1000 ml mengandung 7,5 gram NaNO2.


c. Pembakuan larutan natrium nitrit 0,1 N
Lebih kurang 400 mg asam sulfanilat p.a. ditimbang seksama yang
sebelumnya telah dikeringkan pada 120oC sampai bobot tetap, masukkan ke
dalam gelas piala, tambahkan 0,2 gram natrium bikarbonat dan sedikit air,
aduk hingga larut. Encerkan dengan 100 ml air, tambahkan 10 ml asam
klorida pekat, dinginkan hingga suhu tidak lebih dari 15 oC. Titrasi pelanpelan dengan natrium nitrit 0,1 M, hingga goresan larutan memberikan warna
biru pada pasta kanji iodida. Titrasi dianggap selesai jika titik akhir dapat
ditunjukkan lagi setelah dibiarkan selama 2 menit.
d. Penetapan kadar sulfamerazin
Timbang seksama lebih kurang 500 mg sulfamerazin dan masukkan ke
dalam gelas piala yang sesuai. Tambahkan 20 ml asam klorida P dan 50 ml
air, aduk hingga larut, dinginkan suhu lebih kurang 15 oC dan titrasi perlahan
dengan natrium nitrit 0,1 M yang sebelumnya telah dibakukan. Titrasi pelanpelan dengan natrium nitrit 0,1 M, hingga goresan larutan memberikan warna
biru pada pasta kanji iodida. Titrasi dianggap selesai jika titik akhir dapat
ditunjukkan lagi setelah dibiarkan selama 2 menit.

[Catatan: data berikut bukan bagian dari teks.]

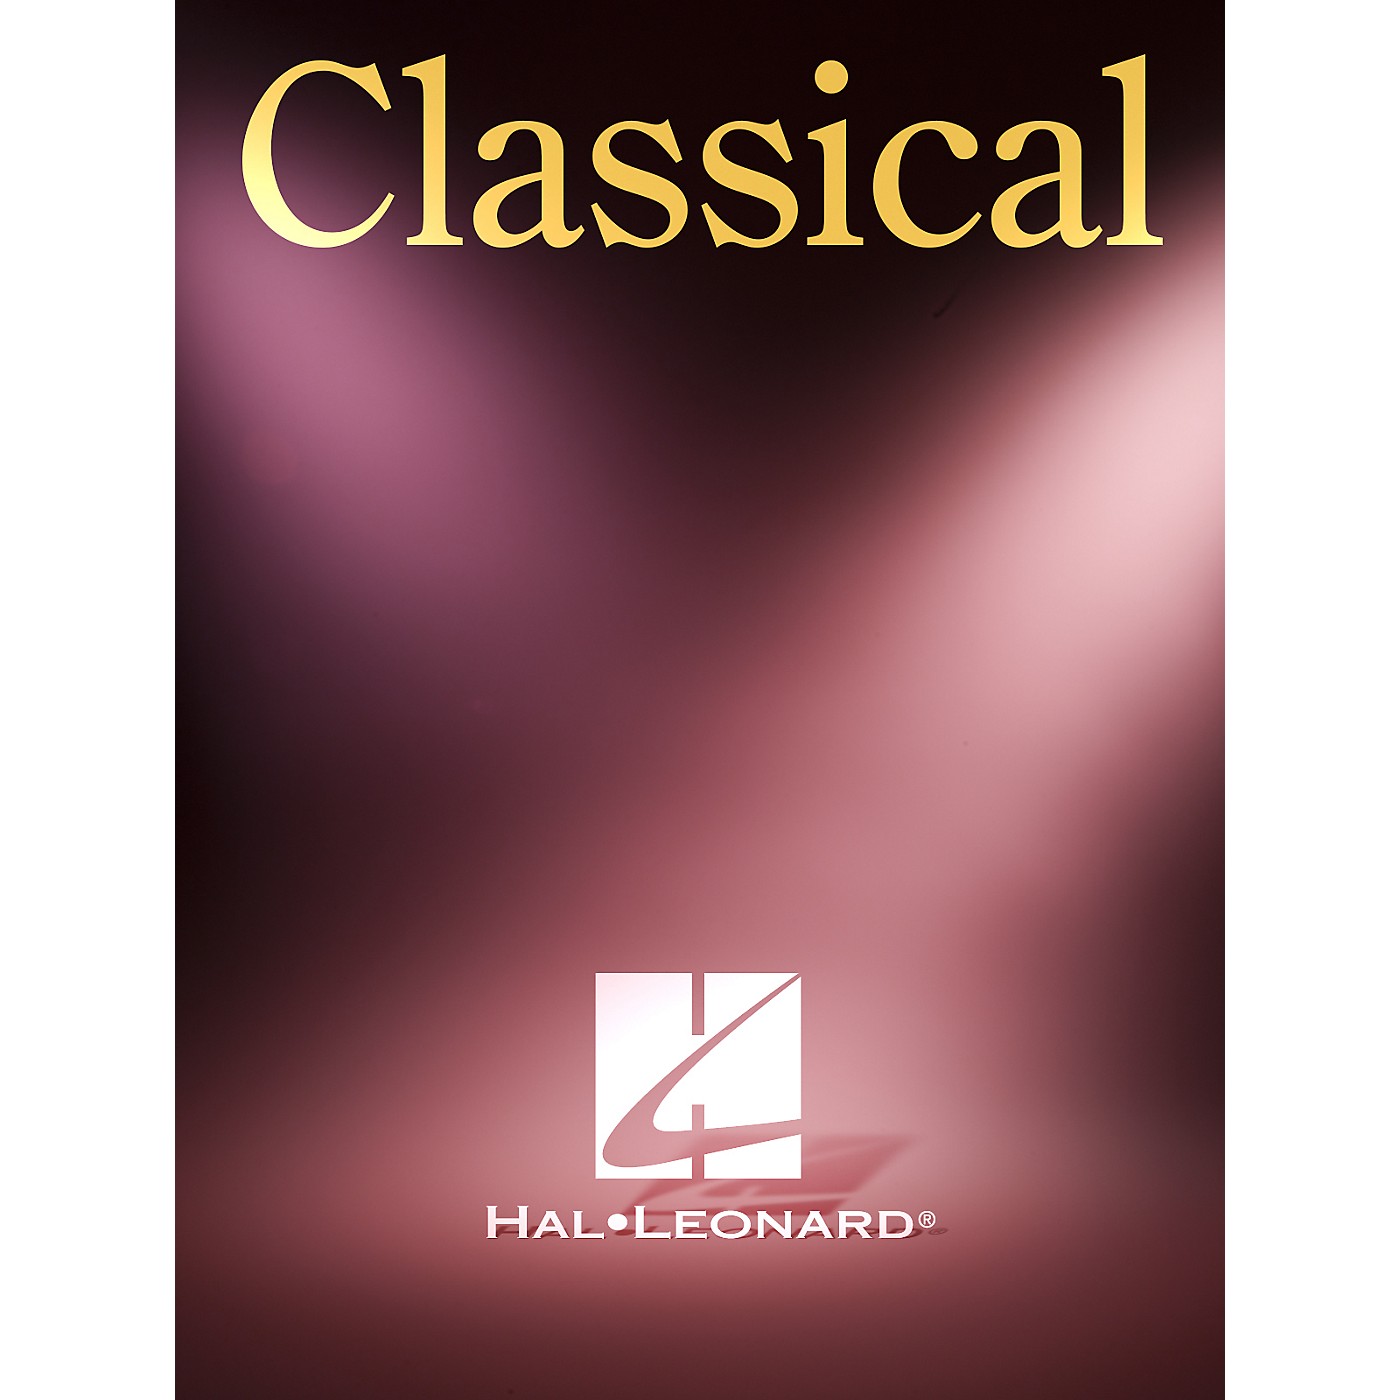 Hal Leonard Fantasia Op. 7 (chiesa) Suvini Zerboni Series thumbnail

Analisis kuantitatif spektrofluorometri


a. Pembuatan kurva baku
Ditimbang seksama lebih kurang 50,0 mg sulfamerazin. Dimasukkan
dalam labu takar 50 ml dan dilarutkan dalam 0,1 ml NaOH (larutan stok
sulfamerazin 1 mg/ml). Setelah itu, dibuat larutan stok sulfamerazin 0,2
mg/ml dengan mengambil 10 ml larutan stok sebelumnya, lalu ditambahkan
0,1 NaOH sampai batas tanda labu takar 50 ml. Larutan ini kemudian diambil
masing-masing 1,0 ; 2,0 ; 3,0 ; 4,0 ; 5,0 ml larutan stok sulfamerazin 0,2

mg/ml dengan pipet volume dan dimasukkan ke dalam labu takar 25 ml,
ditambah dengan 0,1 N NaOH sampai tanda. Setelah itu, larutan diukur
intensitas emisi masing-masing seri larutan baku pada panjang gelombang
eksiasi 275 nm dan emisi 350 nm dengan blangko 0,1 N NaOH. Blangko
yang dipakai adalah larutan 0,1 NaOH, dan dibuat kurva baku hubungan
antara konsentrasi (sumbu x) dan intensitas emisi (sumbu y).
b. Penetapan kadar sulfamerazin dalam sampel (3 kali replikasi)
Pertama, ditimbang seksama 50 mg sampel sulfamerazin dan dimasukkan
dalam gelas piala 100 ml. Sampel dilarutkan dalam kurang lebih 10 ml 0,1 N
NaOH, diaduk, dan disarng melalui kertas saring langsung masuk ke dalam
labu takar 50 ml. Sisa sampel dalam gelas piala dibilas dengan 2 x 10 ml 0,1
N NaOH, disaring dengan kertas saring yang sama dan dimasukkan ke dalam
labu takar sampai tanda (disebut dengan larutan sampel A). Setelah itu, dibuat
larutan sampel B, dengan mengambil 10 ml larutan sampel A dan dimasukkan
ke dalam labu takar 50 ml dan ditambahkan 0,1 N NaOH sampai batas tanda.
Setelah itu, dibuat larutan sampel C, dengan mengambil 5 ml larutan sampel
B dan dimasukkan ke dalam labu takar 25 ml dan ditambahkan 0,1 N NaOH
sampai batas tanda. Larutan C ini kemudian diuku intensitas emisinya pada
panjang gelombang 275 nm dan emisi 350 nm dengan blangko 0,1 N NaOH.
Dihitung kadar sulfamerazin dalam sampel dengan cara mengeplotkan

intensitas emisi dari langkah berikutnya.